Des « nouvelles idées » dangereuses
Ces « nouvelles idées » qui se veulent révolutionnaires, et qui visent (c'est classique !) à ranger leurs adversaires dans le camp des hommes du passé, se trouvent résumées dans le passionnant ouvrage du général Rupert Smith, L'Utilité de la force (1).

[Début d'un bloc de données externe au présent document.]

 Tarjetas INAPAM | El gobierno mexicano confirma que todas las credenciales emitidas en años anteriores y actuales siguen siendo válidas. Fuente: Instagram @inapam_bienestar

La thèse de ce grand soldat britannique - qui s'illustra lors de la première guerre du Golfe en 1991 puis en Bosnie et en Irlande du Nord - est à la fois simple et efficace : nos modèles d'armées occidentales sont bâtis sur le paradigme de la guerre industrielle interétatique et ne sont donc plus adaptés à la réalité d'aujourd'hui - laquelle se réduit à la « guerre au milieu des populations ». L'ère nucléaire a enterré les conflits classiques entre États. C'est désormais au sein des populations que nous combattons, face à des acteurs non étatiques dotés d'une force morale supérieure à la nôtre, cette supériorité rendant inutile notre puissance de feu. Contre les insurgés irakiens ou les miliciens du Hezbollah, la pertinence de la force, telle que conçue à l'ère des guerres industrielles, est clairement posée. En effet, nos adversaires nous maintiennent en dessous du seuil d'utilité de nos systèmes d'armes. D'où la nécessité de repenser nos armées occidentales en faisant prévaloir l'objectif du contrôle sur celui de la destruction (donc de la puissance de feu). Entendez : en donnant la priorité à l'humain par rapport à la technologie.

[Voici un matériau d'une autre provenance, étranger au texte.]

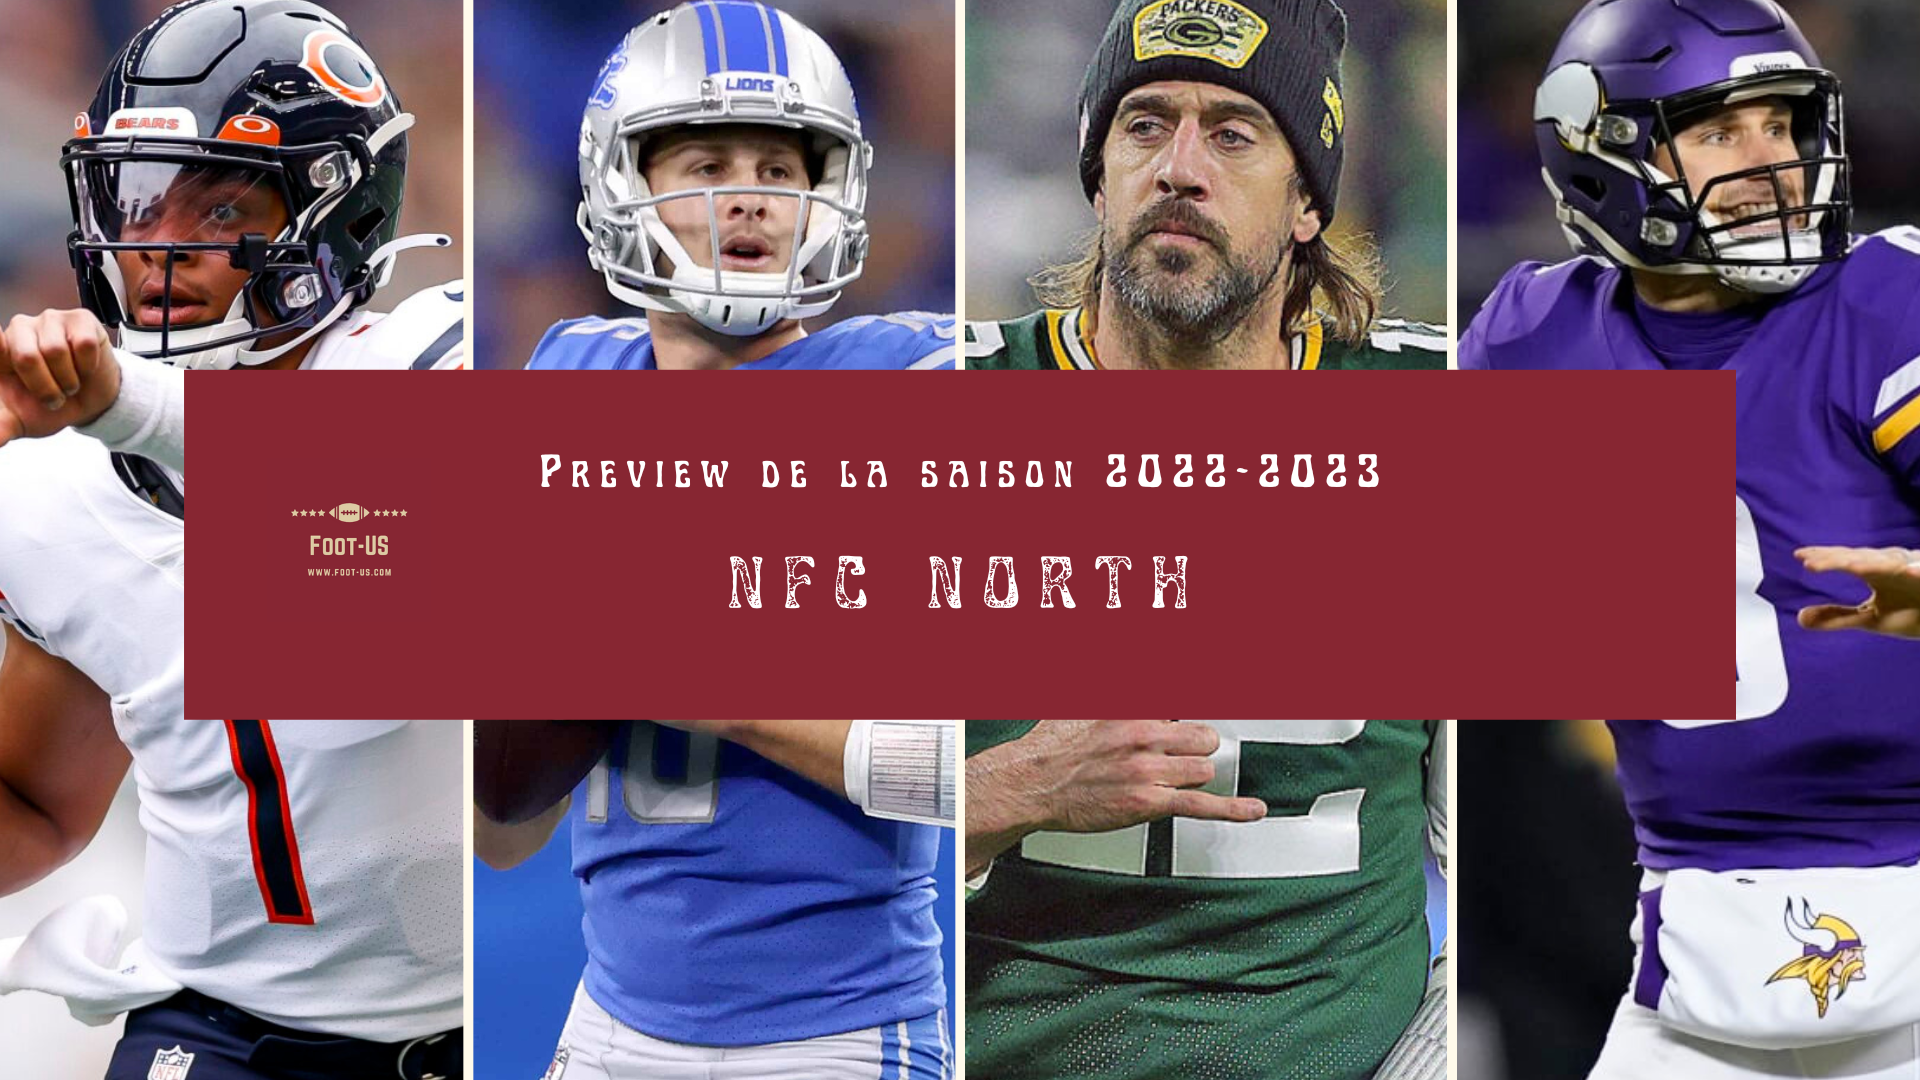 Preview de la saison 2022-2023 de NFL – NFC North

En France, ces idées se trouvent à la confluence de trois courants : premièrement, un courant issu d'une armée de Terre qui, au cours des dernières années, a vu fondre comme neige ses effectifs et qui tente (comment ne pas le comprendre ?) d'alerter l'autorité politique sur la nécessité de ne pas continuer à décliner ; deuxièmement, ces experts qui viennent régulièrement rappeler sur nos écrans l'inutilité de la puissance militaire dans un monde où l'origine des maux ne serait que la pauvreté ; troisièmement, les partisans d'une austérité encore renforcée en matière de budget de défense (2), trop contents de disposer, …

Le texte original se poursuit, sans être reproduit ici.